Some question about youth ministry arises often at our church. Visiting parents ask what we have for their teenagers. Members wonder what we’re doing for the “youth.” By modern standards we have or do very little. No glitzy youth building for youth “worship.” No services designed to package God’s truth in sound bites teenagers can understand. No teen-centered atmosphere that defines our church. But, we do have a youth ministry.

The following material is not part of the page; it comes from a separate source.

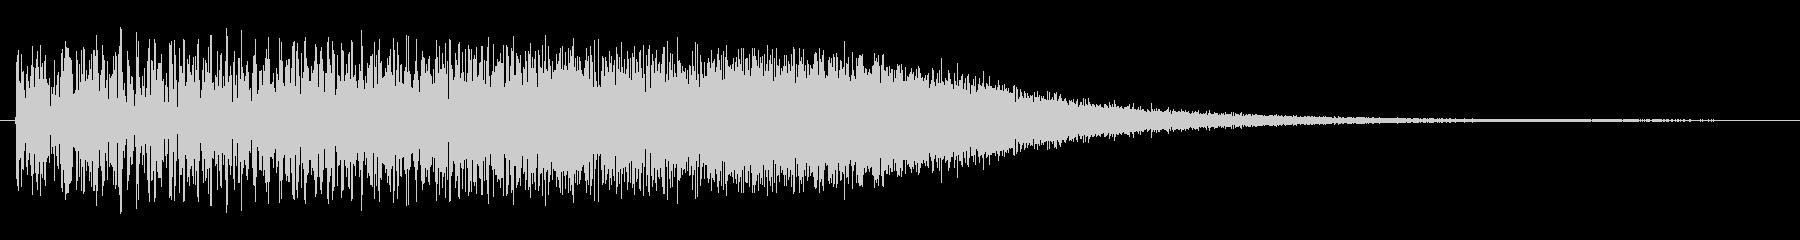 トゥルルルルルリン(場面転換向きの音源)の未再生の波形

There is a rampant adolescentizing force that raises adults/parents to act more like children rather than training children for adulthood. Commercials regularly depict children teaching their parents as though they’re the prudent ones in the family. Companies market childish products to parents in the name of relevancy (“Thirty is the new twenty,” for example. Everything is geared towards appearing and acting younger). Popular sit-com fathers are overweight dunderheads, while their children are the “wise” ones who teach him about life. Public service announcements have children urging their parents to talk to them about sex, drugs and predators. The overall message is “mature” children and teenagers are now forced to tell their parents to grow up.

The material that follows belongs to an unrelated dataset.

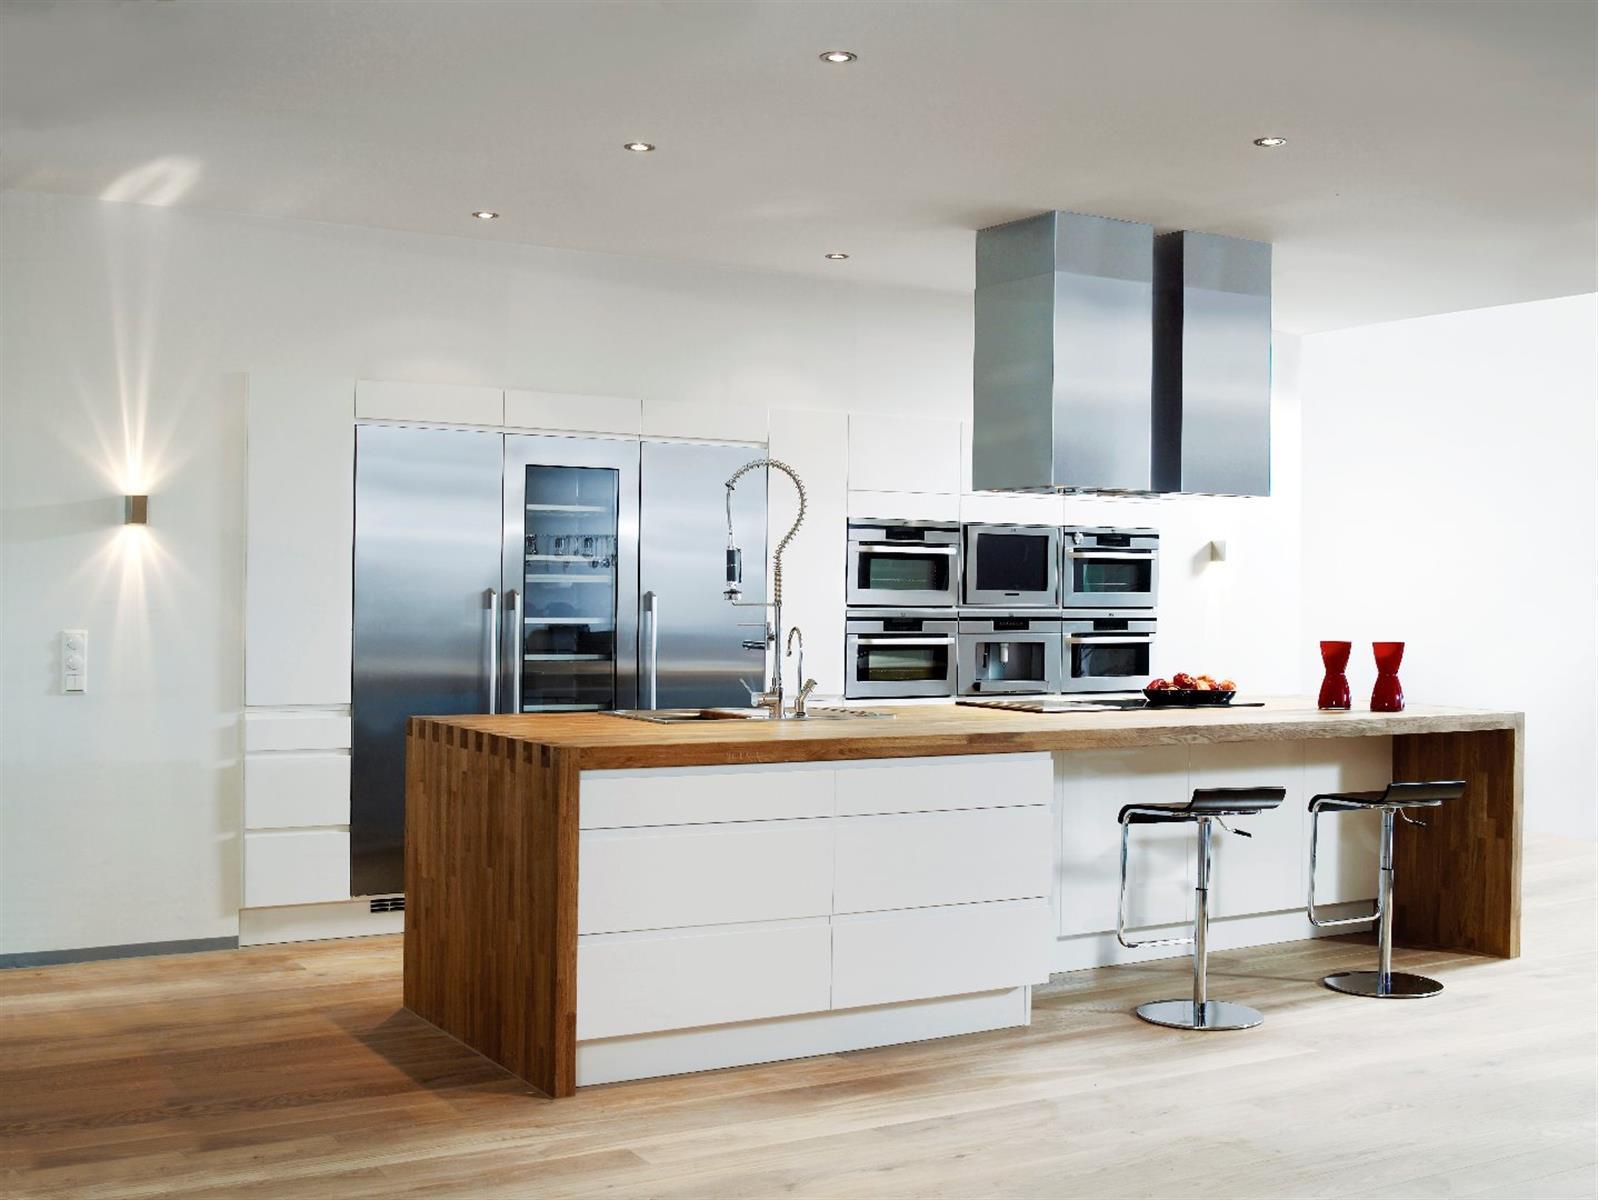 Kjøkken hvit

This mentality has seeped into the church such that we assume the “youth” should be the church’s main emphasis in all we do. There is great pressure to occupy (read: entertain) teenagers. They are “the future of the church” (I thought Jesus was) so we must do anything and everything to keep them interested. To question such an approach and being willing to take attention away from teenagers is tantamount to hating them. Therefore, I want to think aloud through some seminal thoughts, asking if we should assume “youth ministry” a biblical category. (I suppose the same could be asked about other demographic-specific ministries, i.e., children, senior adult, young marrieds. etc.)
Scripture seems to promote two categories of development: childhood and adulthood. One is a child until it’s time to prepare for adulthood. In Jewish tradition, a boy or girl enters the initial stages of manhood and womanhood at thirteen and twelve, respectively (via bar and bat mitzvah). They don’t become full-fledged adults per se, but the expectations were geared towards adulthood. There doesn’t appear to be this formal, intermediate (teenage) stage where you are half-child, half-adult. Rather, you are a young adult learning to become a mature adult.
The expectation was that when a boy reaches (say) thirteen he gets involved with men. He didn’t hang out with his 13-year-old buddies at the mall all day, texting acronyms and shuffling his ipod. He tags along with his father at the mill or in the field (where his buddies would also be!). He learns what men do and grows in his physical, emotional and spiritual abilities to assume leadership of his own family one day.
In the church, we should prepare our young adult (teenage) men and women for churchmanship (Titus 2.2-8). The young men should be involved with the older men, learning what men do to lead families and Christ’s church. The young women should be likewise involved with the older women, learning what women do to serve families and Christ’s church.
As it is, we keep teenagers cordoned off as though they’re not mature enough to handle adult teaching. This is a cop out for two reasons. One, they’re learning physics or chemistry in school so they have the capacity to process heady things. They may not be disciplined to do so, but they’re equipped to do so. Two, they’re subject to “adult” themes everyday, all day. The world is not waiting for them to reach a certain again before it peddles adult themes to them. They learn about sex, war, religion, etc. before they’re able to drive. While the world indoctrinates our teenagers with its wicked dogma, the church gives them pizza and puppets. We pinch their cheeks rather than pierce their hearts. We chalk up their silliness to a “they’re just teenagers” mentality rather than call them to maturity.
We do well to learn from our Supreme Example, Jesus, who at 12-years-old was found listening to the temple teachers (Lk 2.41-52). Our teenagers should be sitting in on adult conversations, Bible study classes, congregational prayer and church meetings. They should be learning about theology and church life. They won’t be able to handle all of it, but they’ll be able handle much of it. The church is not responsible to make cute churchgoers, but to make disciples. Our largest mission field is our own children/teenagers, whom we must teach to obey all that Jesus taught.
More to come.
BJ, Thanks for this. I found it to be most insightful.
I do have a suggestion though- would you mind linking to posts 2 and 3 from this one? I would like to share it with others and allow them to move on from one post to another without having to search for them (future thinking of course).
Kind of like what I did here if I did not paint it very clearly.
However, it is just a suggestion so you can take it or leave it- I will be back either way.
j razz
Thanks, bro, and in the words of Briscoe Darling: “Done and done.”